Chapter 7 Survey Data
One major strength of Stata is the ease with which it can analyze data sets arising from complex sample surveys. When working with data collected from a sample with a complex design (anything above and beyond a simple random sample of a population, where the sample design involves clustering and stratification of sampled elements, and multiple stages of sampling), standard statistical analysis procedures that assume a simple random sample (such as everything we’ve discussed so far) will result in very biased estimates of statistics that do not take the design of the sample into account. Two major problems arise when survey data is analyzed without taking the design into account:
 Representation
 Variance Estimation
Incorporation of the weights corrects for biased estimates (representation) and the stratification and clustering produces correct variance estimates.

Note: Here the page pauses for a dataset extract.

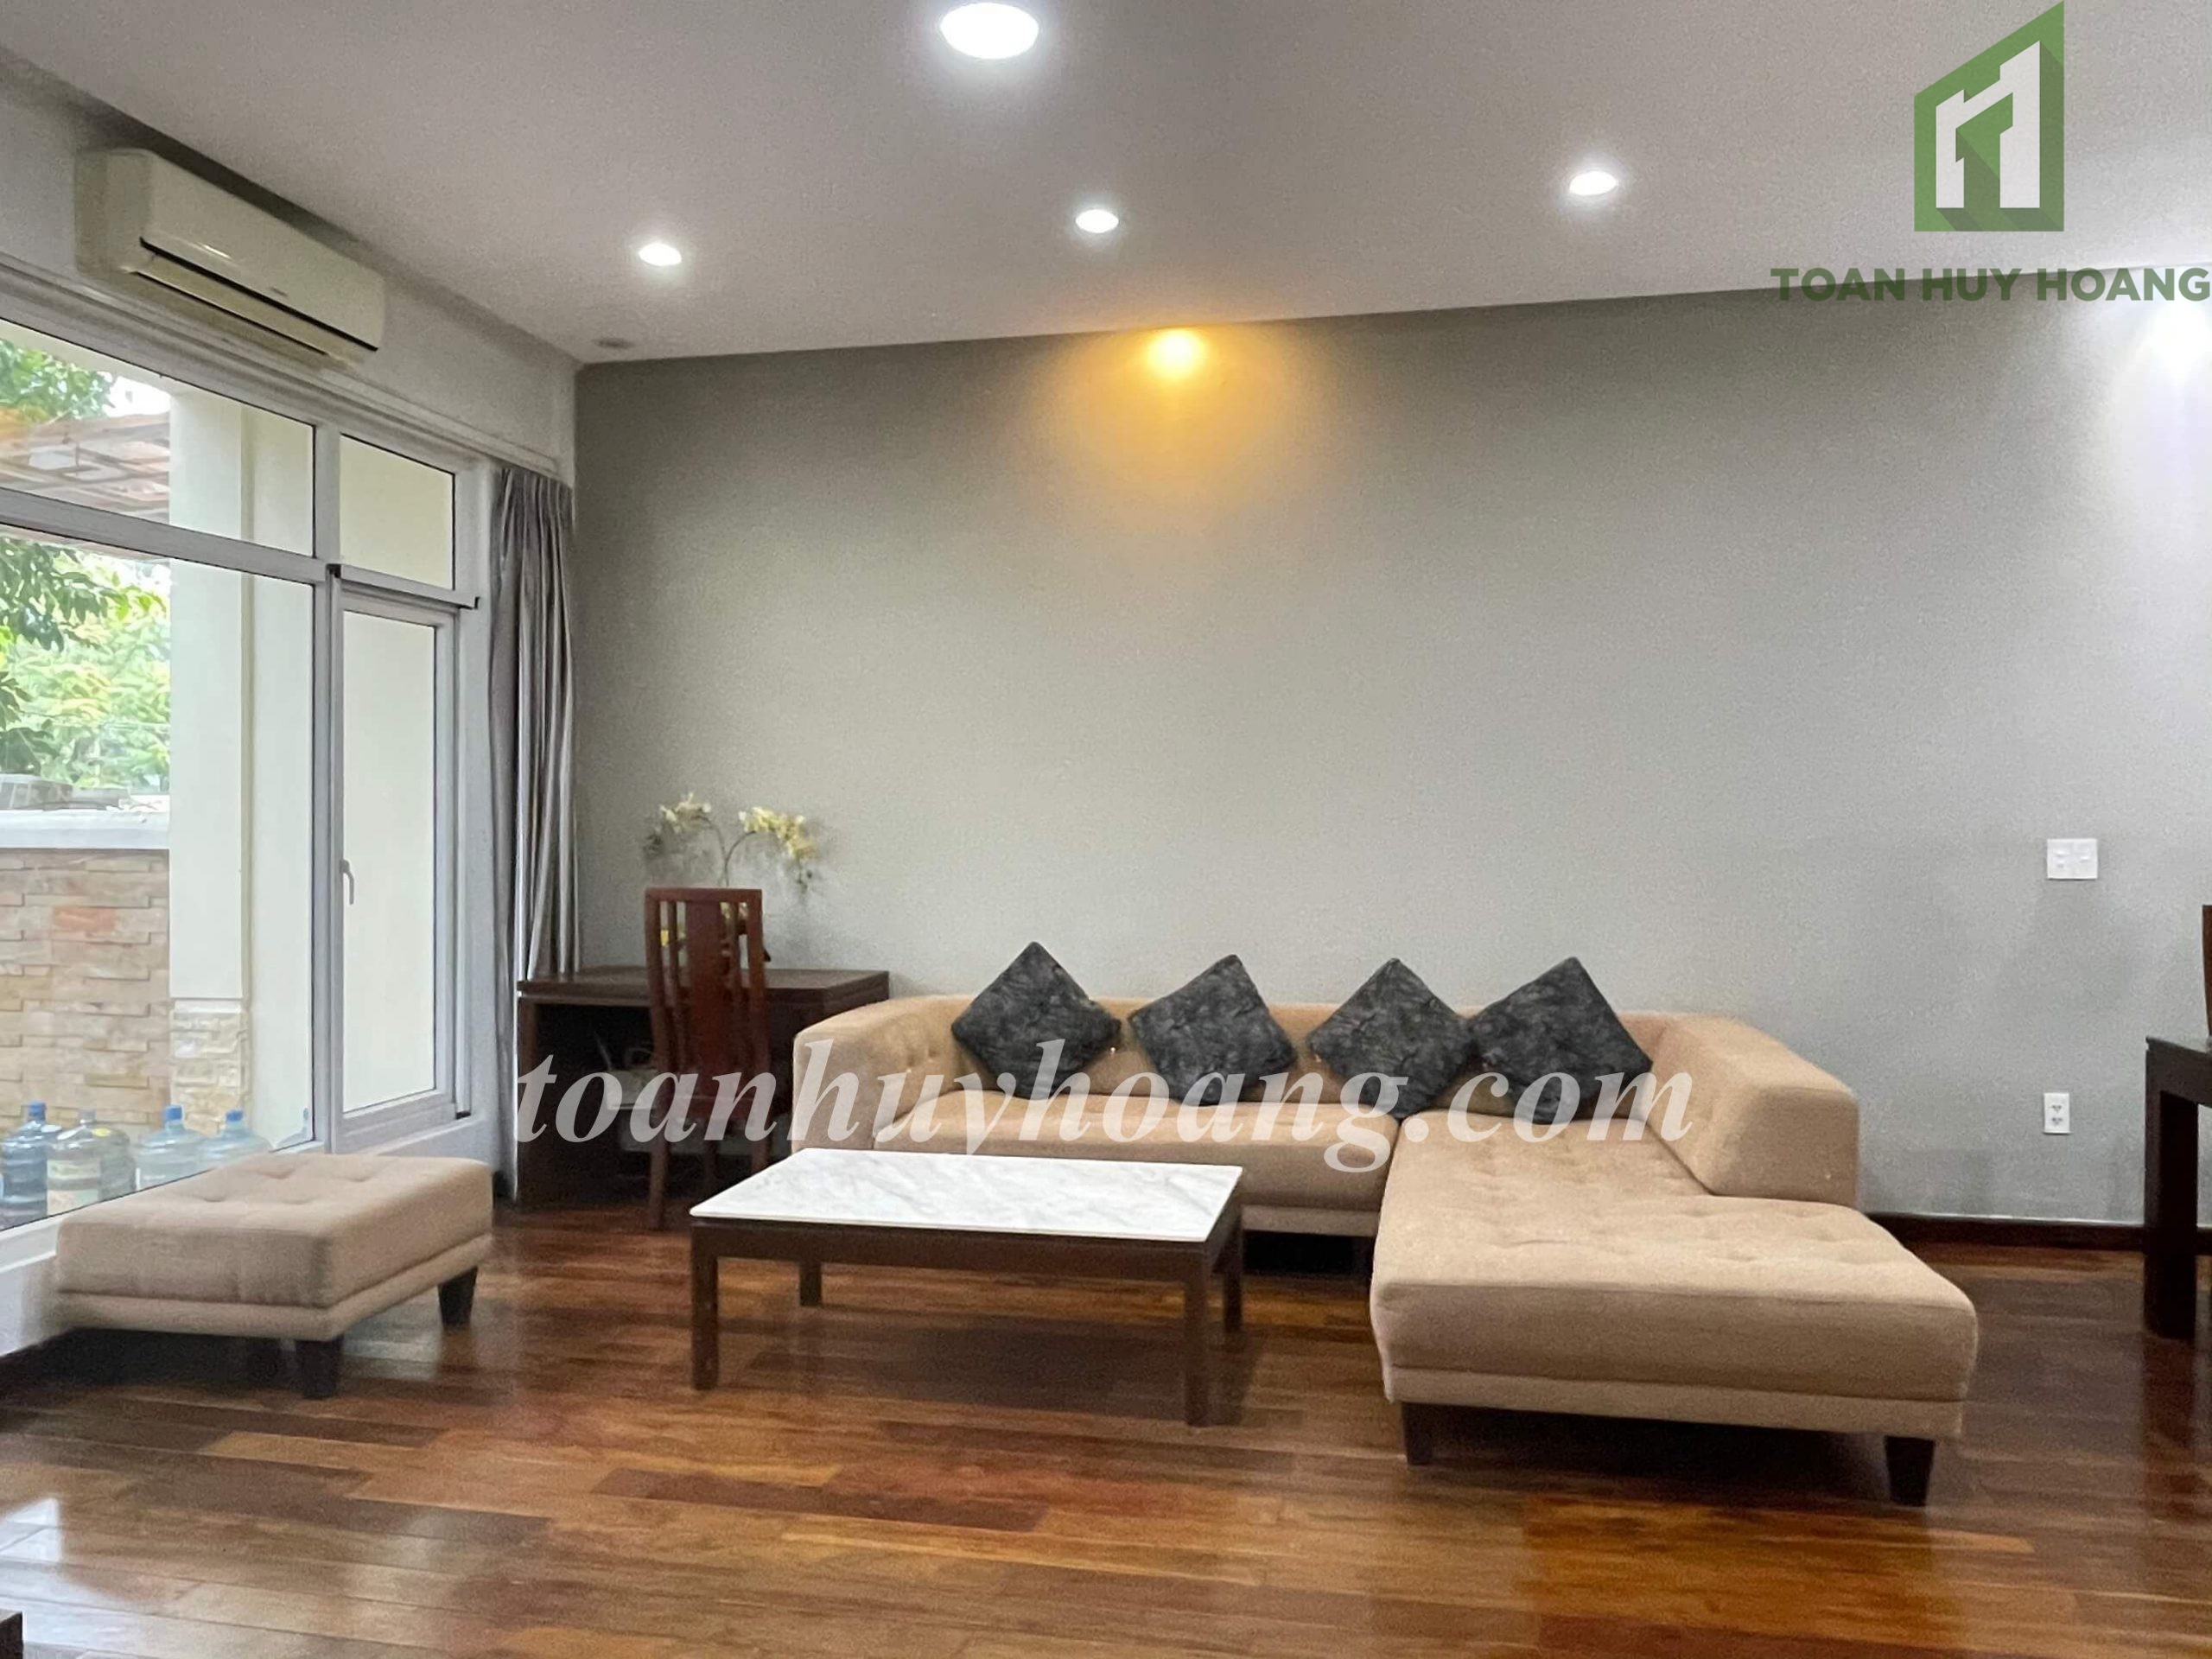 bright and tidy villa for rent in an eco-friendly neighbor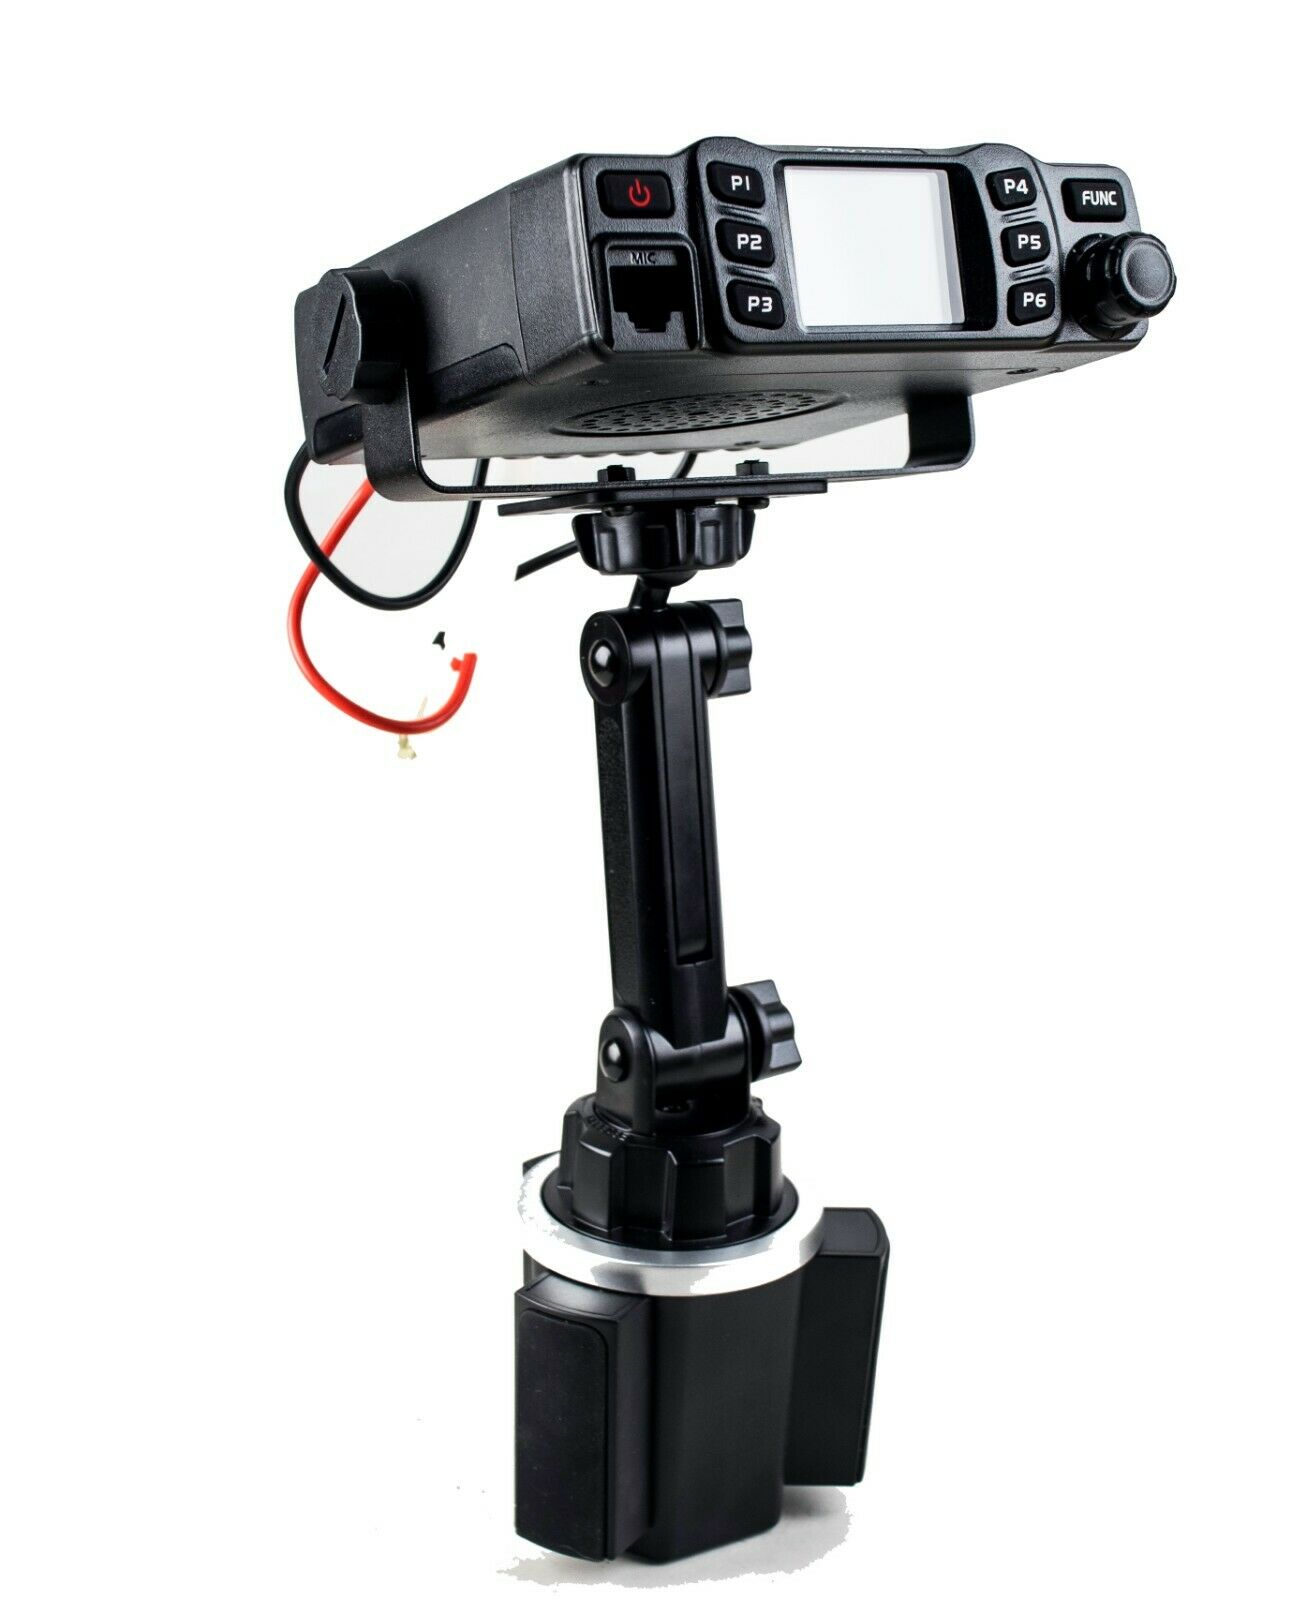 New Cup Holder Mount With Variable Height With Mic Holder For Anytone At-778uv

Stata is one of the leaders in terms of statistical software that can perform these types of analyses, and offers a wide variety of commands that will perform designbased analyses of data arising from a sample with a complex design. The basic process consists of two steps (similar to mi
), first using svyset
to describe the complex survey design, secondly using the svy:
prefix to perform analyses.
7.1 Definitions
Complex survey design is a massive topic which there are entire departments devoted to (Program at Survey Methodology here at Michigan) and which we offer a separate full day workshop (Survey Design). A simple survey design takes a random sample from the population as a whole. There are various reasons why a simple random sample will not work.
 It is often infeasible to do either because of time or cost.
 With smaller sample sizes, it can be difficult to obtain enough individuals in a given subpopulation.
 For some small subpopulations, it may be very difficult to even obtain any individuals in a simple random sample.
A complex survey design allows researchers to consider these limitations and design a sampling pattern to overcome them. Three primary techniques are
 Stratification. Rather than sample all individuals, instead target specific subpopulations and collect from them explicitly. For example, you may stratify by race and aim to collect 50 white, 50 black, 50 Hispanic, etc.
 Clustering. Primarily a cost/time saving measure. Similar to stratification, but instead of sampling from all clusters, you take a random sample of clusters and then sample within them. A typical clustering variable is neighborhood or census tract or school.
 Weighting. If certain sets of characteristics are more or less common, or more or less desired, when randomly sampling individuals, we can downweight those who we don’t want/are more common, and upweight those we want/are less common.
For example, we might want to collect data on obesity in school children in Ann Arbor. Rather than randomly sampling across all schools, we cluster by schools and randomly select 3. Then at each of those schools, we stratify by race and take a random sample of all students of each race at each school, weighted by their weight to attempt to capture more overweight students.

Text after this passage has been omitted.